The other three are to spend the next few days in Tacoma before they're packed in special shipping crates and flown - accompanied by trained handlers - to permanent homes elsewhere.
"We have a possibility of relocating and finding homes for 19," said Rupp, who helped arrange some of the adoptions.
Among future homes are zoos in St. Louis and Brownsville, Texas, plus Sea World locations in Texas, Florida and California, he said.
While the captives wait for plane rides, they'll be penned in a 30-by-30-foot fenced enclosure within the zoo's animal rescue and rehabilitation center, Rupp said. There's no pool, but a spray of water dampens the yard, which also offers shade.
As for the menu, Point Defiance will give the sea lions its usual marine mammal mix: mackerel, capelin, smelt and herring, Rupp said. But no salmon.

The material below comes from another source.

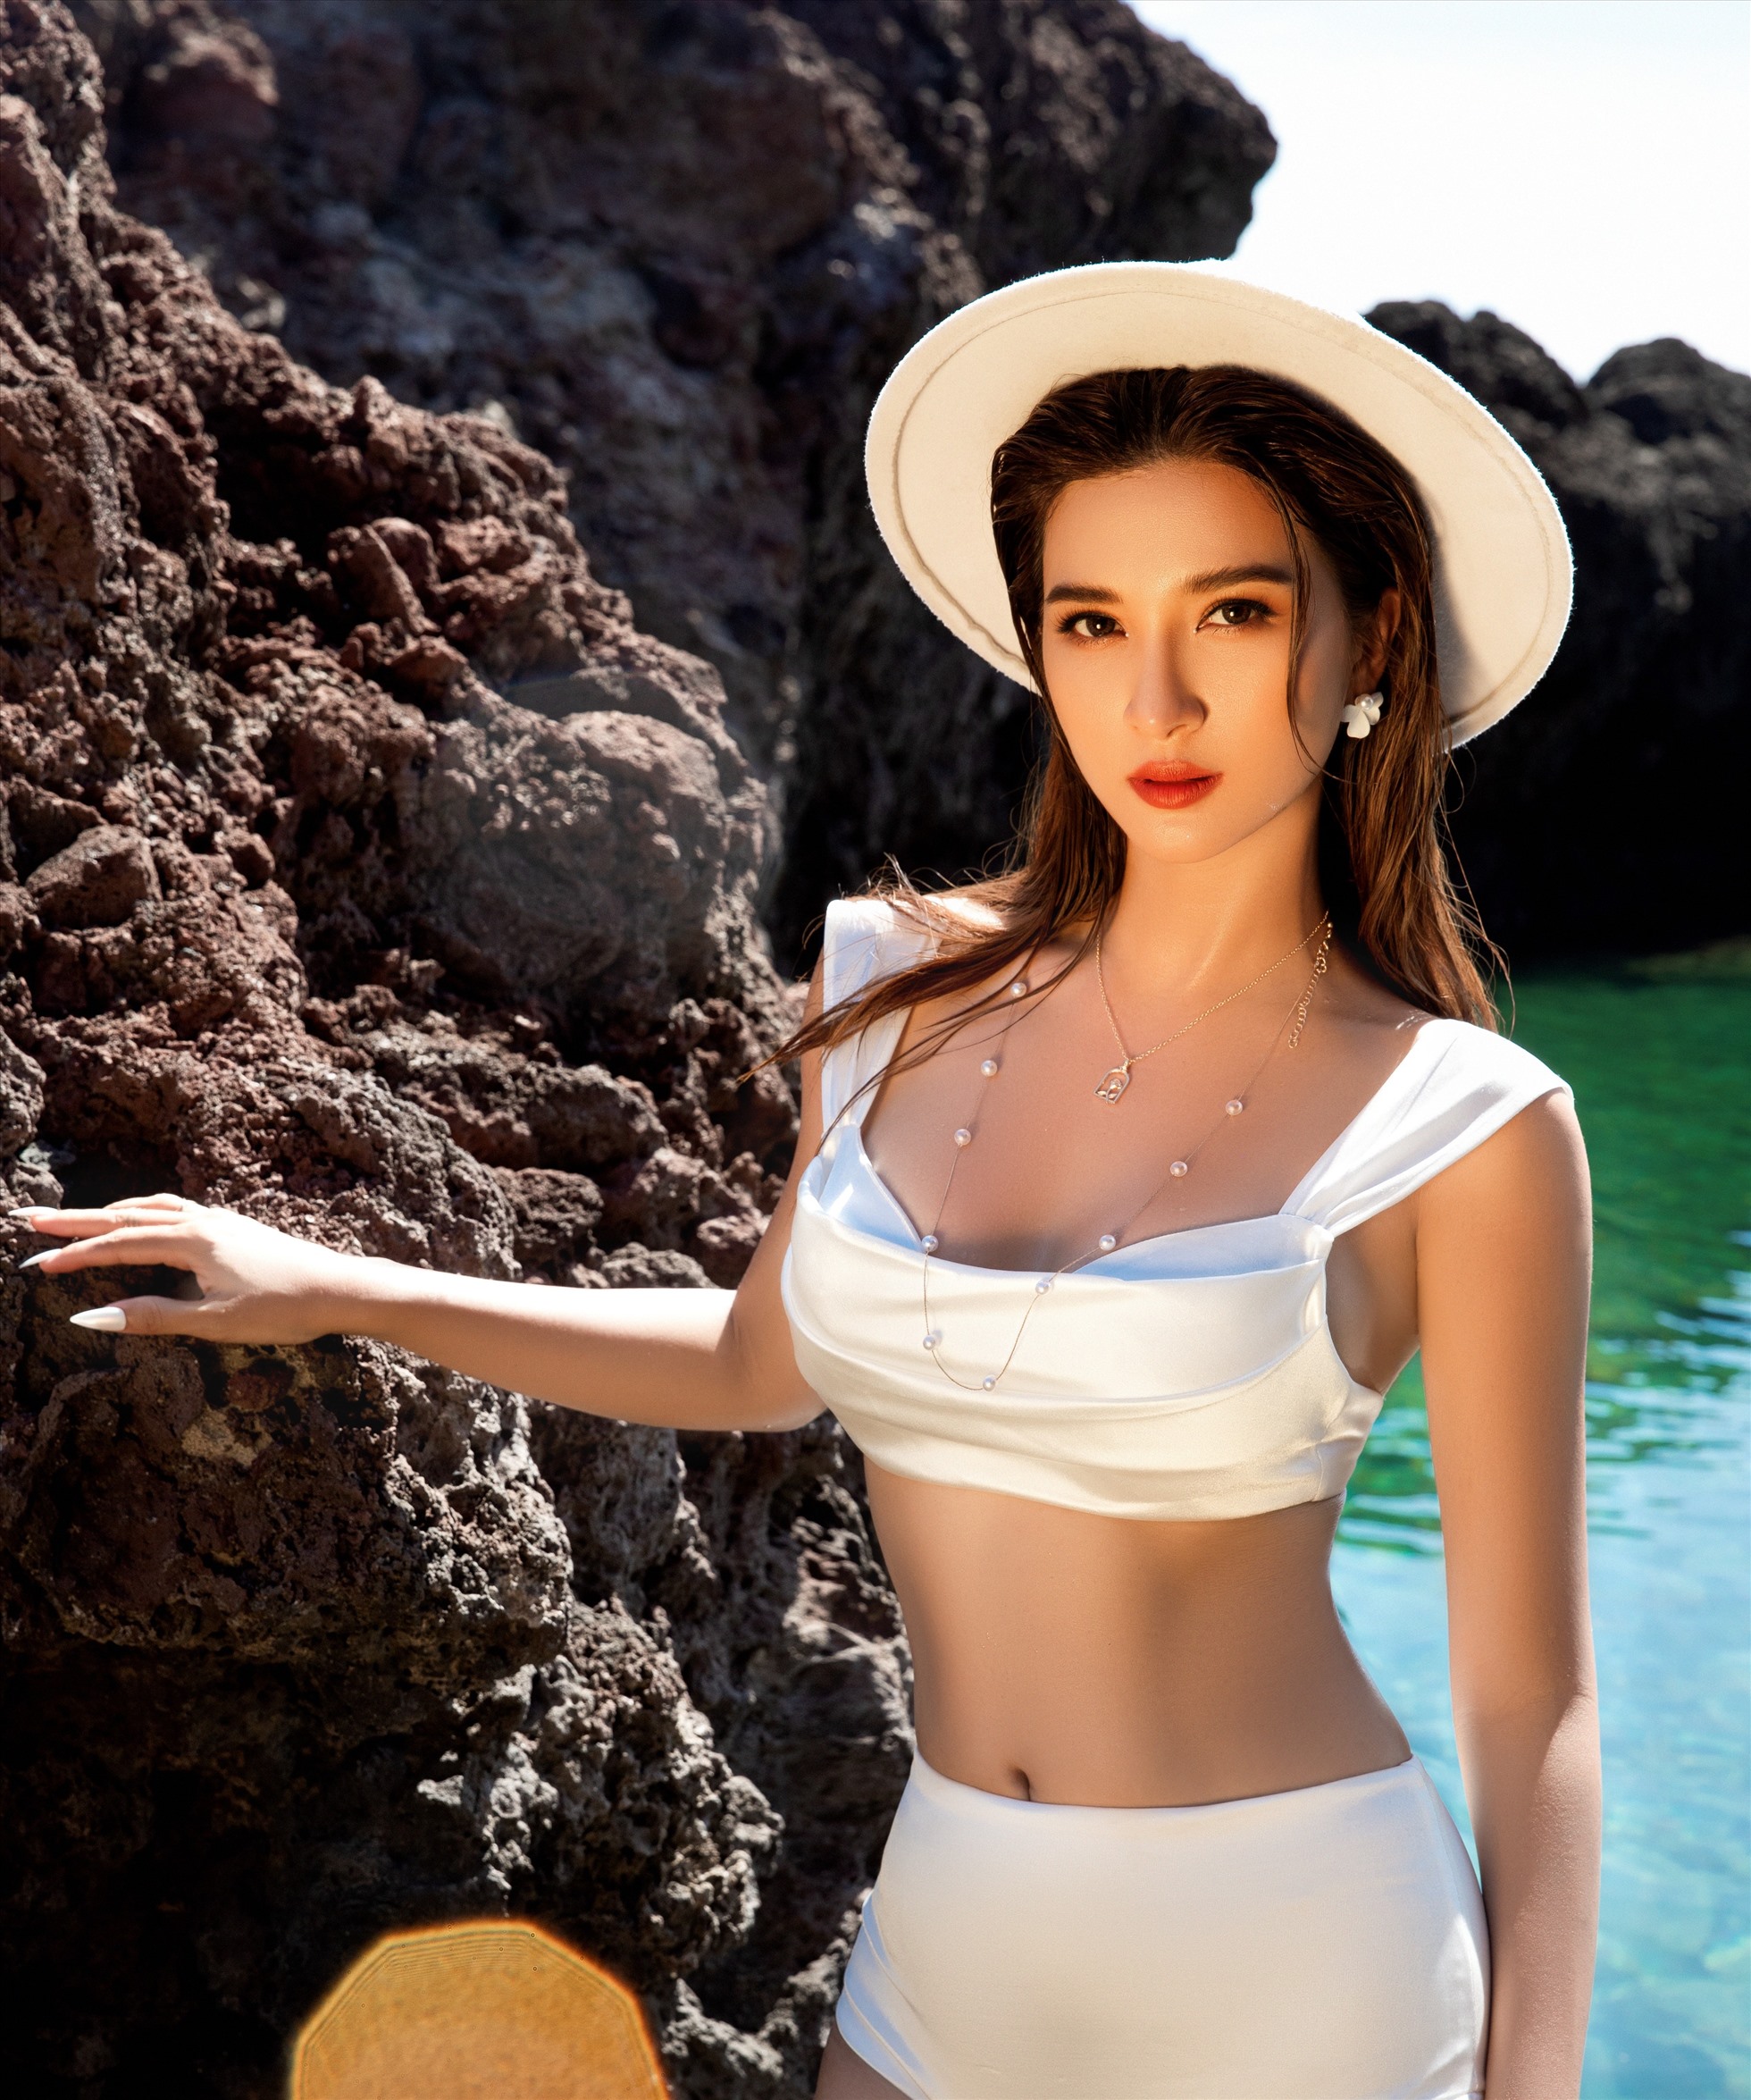 Sau chuyến công tác tại đảo Phú Quí, nữ diễn viên phim “Mộng Phù Hoa” thực hiện bộ hình khoe dáng trên bờ biển. Vóc dáng trẻ trung gợi cảm của Kim Tuyến ở tuổi 36 khiến nhiều người ngưỡng mộ.

"That was a luxury they had at the dam," he said with a chuckle.
Four Sea World handlers will care for the creatures during their stay at Point Defiance. Each receiving zoo or aquarium is paying travel costs, Rupp said.
"Our involvement and expense is minimal," he added.
At Bonneville, trapping is to resume Monday. Action on Thursday followed a Wednesday court decision that prohibited killing but allowed removal of specific troublemakers.
Among those confined at Point Defiance on Friday was C-319. The 1,100-pound mammoth is among 15 or 20 sea lions drawn each spring to the fish-filled waters below the dam, said Steve Jeffries, a state Department of Fish and Wildlife marine mammal biologist.
"He's one of the worst salmon-killers at Bonneville," Jeffries said. "He makes his living killing spring chinook."
For example, during a single two-month period last year, C-319 gained 500 pounds, Jeffries said. Biologists know this because they've trapped and weighed the beast several times.
To survive, sea lions must consume food equal to 8 percent of their weight daily, Jeffries said. So if a sea lion hanging out below Bonneville weighs 1,000 pounds, it's probably eating 80 pounds of chinook daily, Jeffries said.
Ordinarily, sea lions are protected by federal law. But in 2006, Washington, Oregon and Idaho officials asked federal officials for permission to destroy certain sea lions below Bonneville because they eat so many imperiled salmon and steelhead.
In March, federal officials agreed to permit killing as many as 85 sea lions annually as long as wildlife officials first tried to place them in zoos. On Wednesday, a federal appeals court at least temporarily ruled out extermination.
At Point Defiance on Friday, wildlife veterinarians and biologists from two states examined each of the big beasts to make sure they were free of disease so they don't carry germs to other zoos or aquariums.
"In general, these animals are healthy," Jeffries said. "They wouldn't be at Bonneville actively foraging if they weren't."
When it comes to handling animals as big as sea lions, even cursory physicals are difficult. It took six people to weigh and measure them, draw blood and take urine for laboratory tests, Jeffries said.
To deliver the sea lions to Tacoma, biologists used a specially modified horse trailer, big enough to haul six animals at once. Zoo workers used a forklift to remove each sea lion from the trailer, in which they had spent the night.
Confinement didn't appear to bother them.
"They were just sleeping when I came in," said Rupp, who got his first look at the sea lions Friday morning.
Jeffries, who noticed the same behavior, wasn't surprised.
"They do two things," he said. "They kill salmon and they sleep."